Is it good practice to have your C++/Qt functions always check all its arguments for null values?

Question

Backstory

While developing with Qt Signal/Slots, I came across a few segmentation faults that had me puzzled as to what was causing it. Eventually I figured out that you could actually pass a slot function without providing it any of its arguments, which of course would cause a Segmentation Fault if the argument was used.

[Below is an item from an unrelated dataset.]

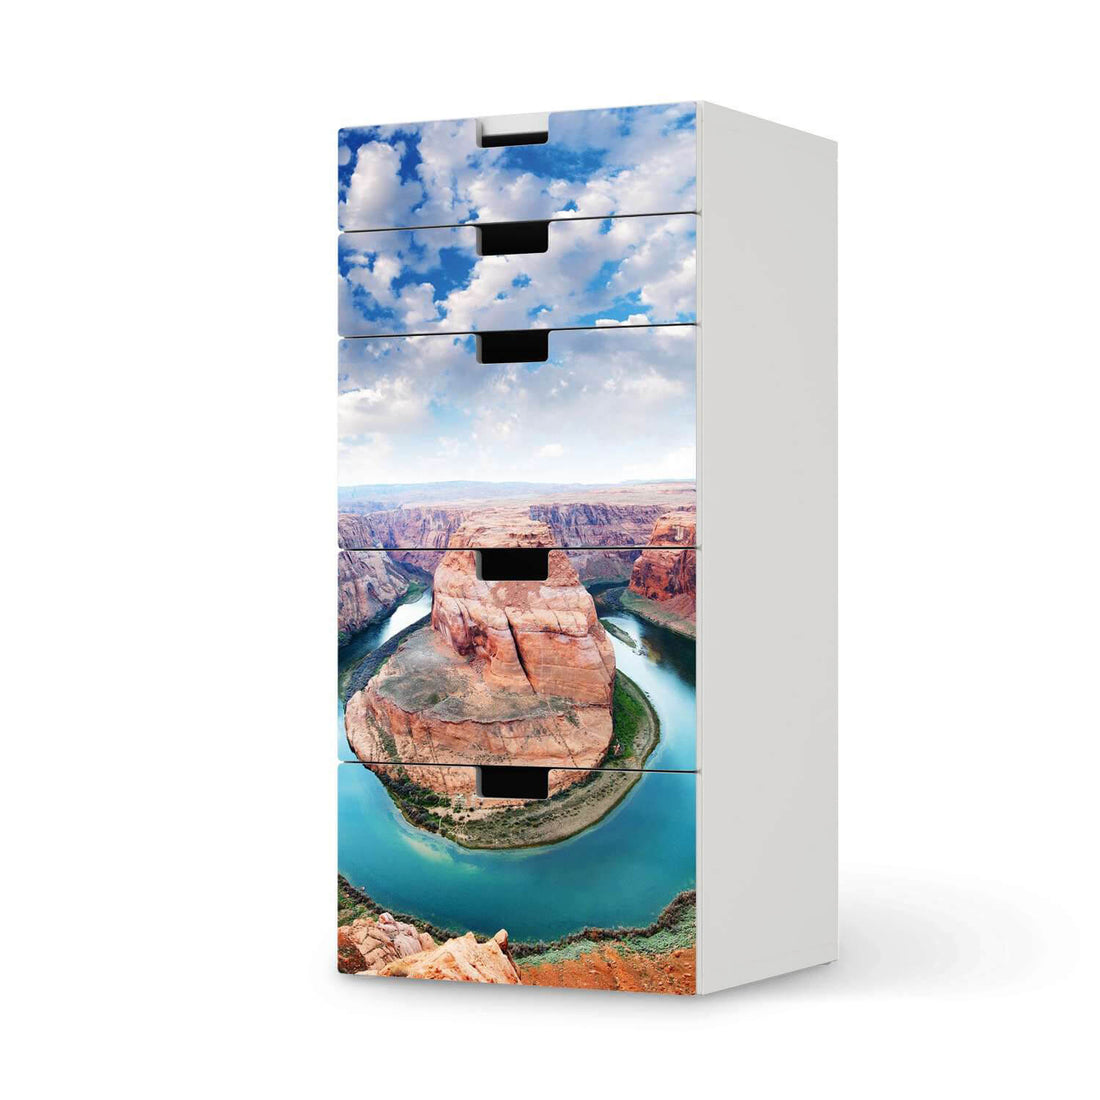 Möbel Klebefolie Grand Canyon - IKEA Stuva Kommode - 5 Schubladen  - weiss
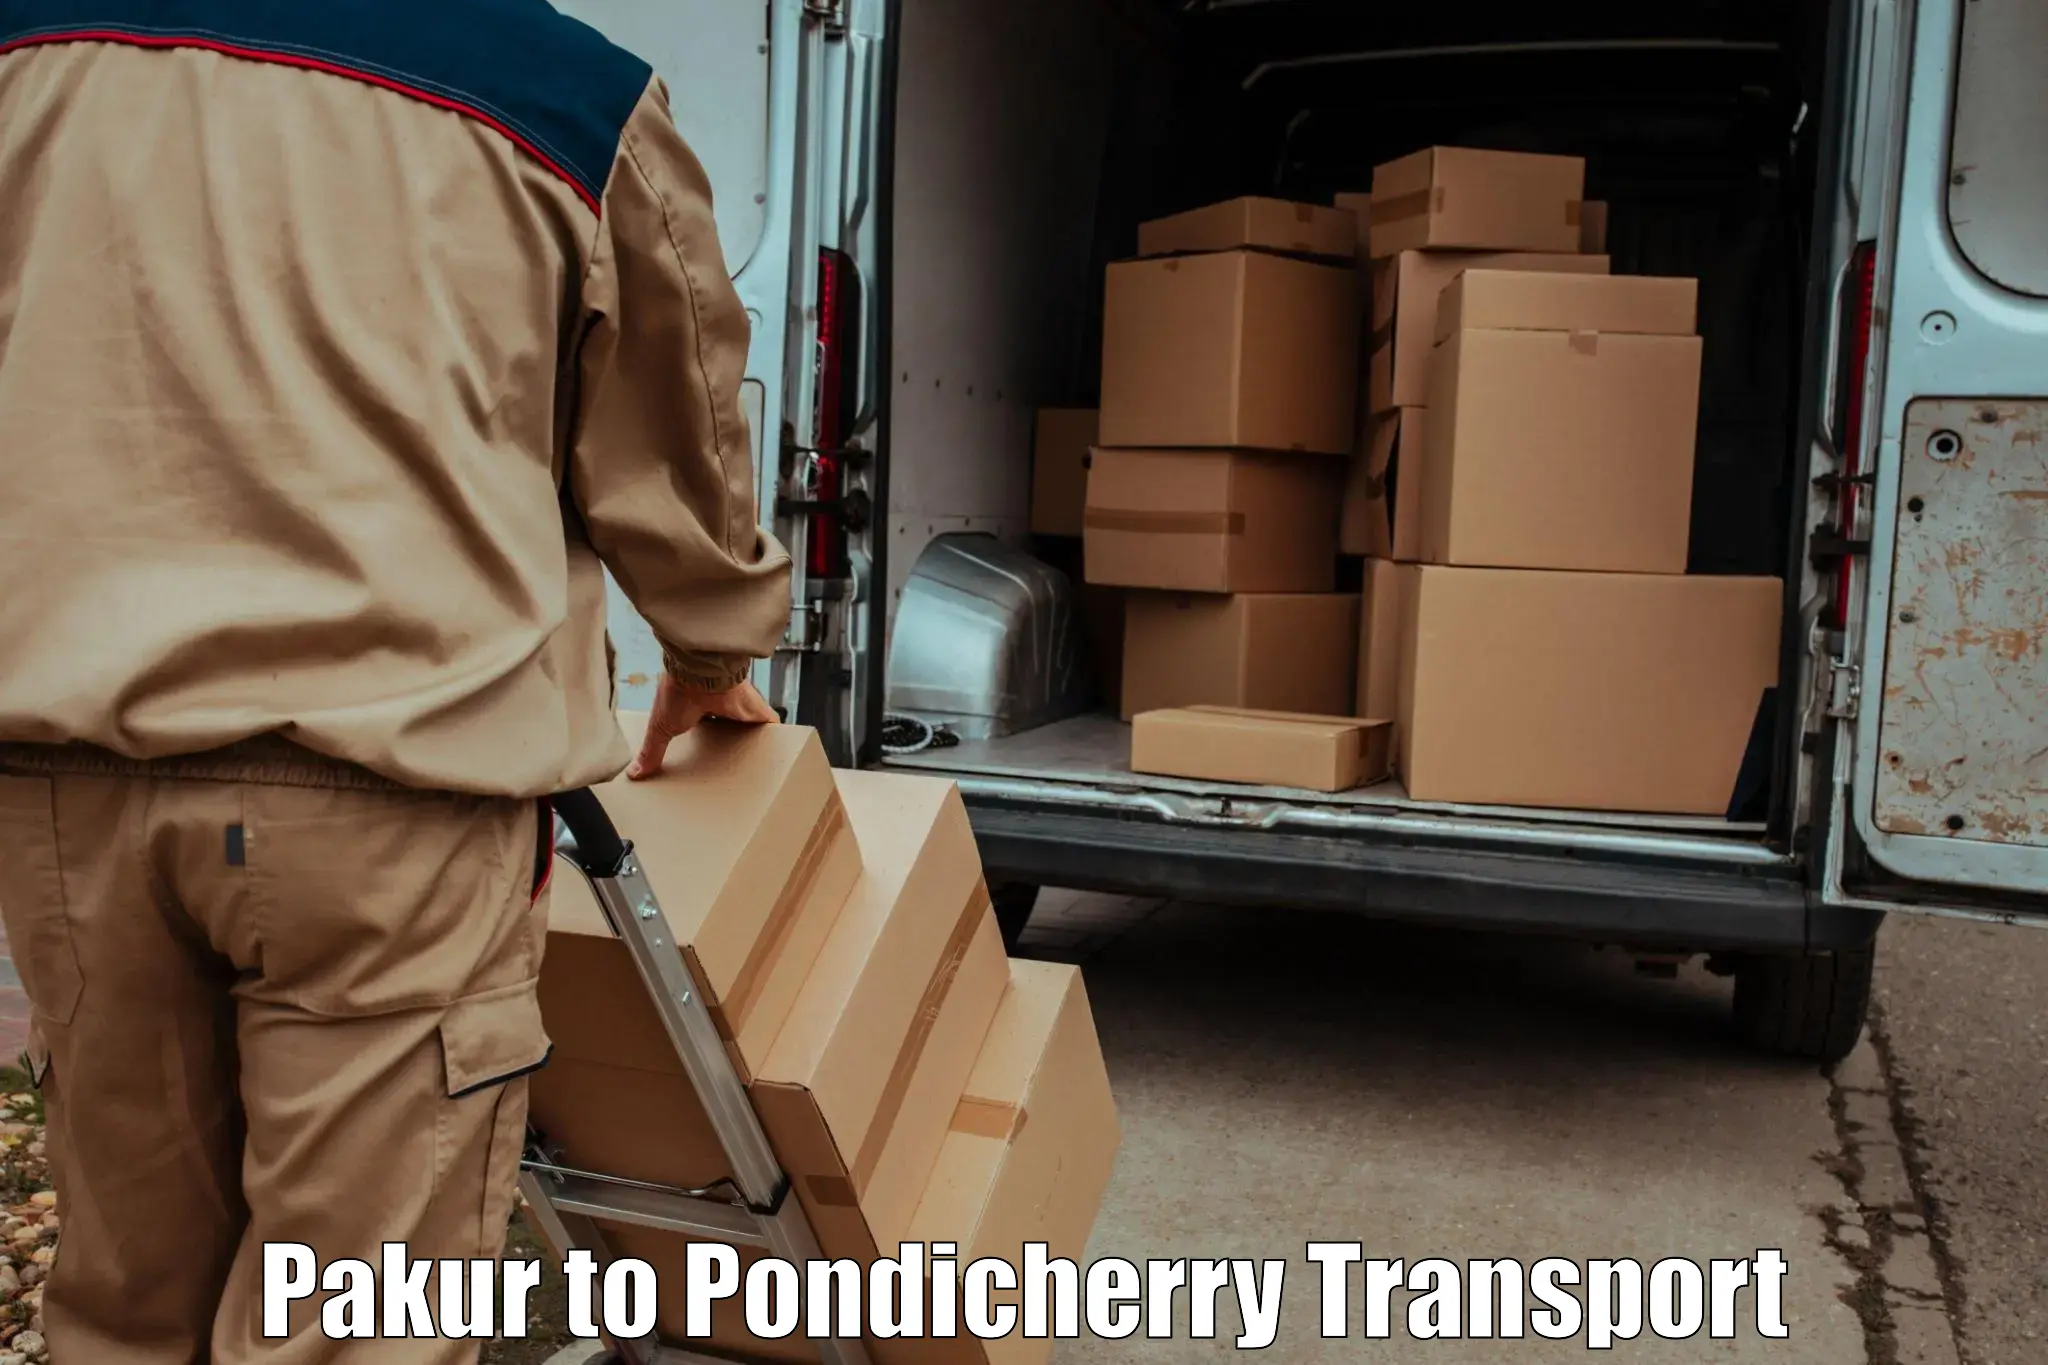 Container transport service Pakur to Pondicherry University

To avoid this pitfall, I am getting into the habit of checking all my arguments to make sure they are not NULL:

void MyClass::setMyString(QString input)
{
    if (input.isNull()) {
        qDebug() << "Error: setMyString() received NULL argument";
        return;
    }

    m_MyString = input;
    emit myStringChanged();
}

I'm thinking I ought to do this with all my functions from now on. Part of the reasoning is that I figure that it can not hurt to do this, and that if I or someone else ever needs to re-factor my code, it is less likely they will omit a necessary null value check.

Questions:

1. Is this an acceptable style in all or most circumstances?
2. Should I be introducing a runtime error, halting the program, instead of simply returning the function?
3. Does this style of coding improve security?
4. Does this style of coding improve stability?
5. Are there any performance considerations, to the extent that checking for null values may take longer depending on the type?
6. Beyond c++ and Qt, what other languages benefit from this style?
7. Are there any significant drawbacks worth considering?

Answer 1

Kind of echoing Basile here but with a slightly more negative tone. I'd say "yes" too, but be careful with that if you are allowing silent violations of preconditions. As a personal example, I worked in a C codebase that did this kind of stuff through an API:

int f(struct Foo* foo)
{
    if (!foo)
        return error;
    ...
    return success;
}

Perhaps even with a debug log in the middle. Yet it was a massive codebase, tens of millions of lines of code, over 30 years of development, and with pretty shoddy standards. The warnings in places like logs were filled to the brim with developers having developed the habit of ignoring the output.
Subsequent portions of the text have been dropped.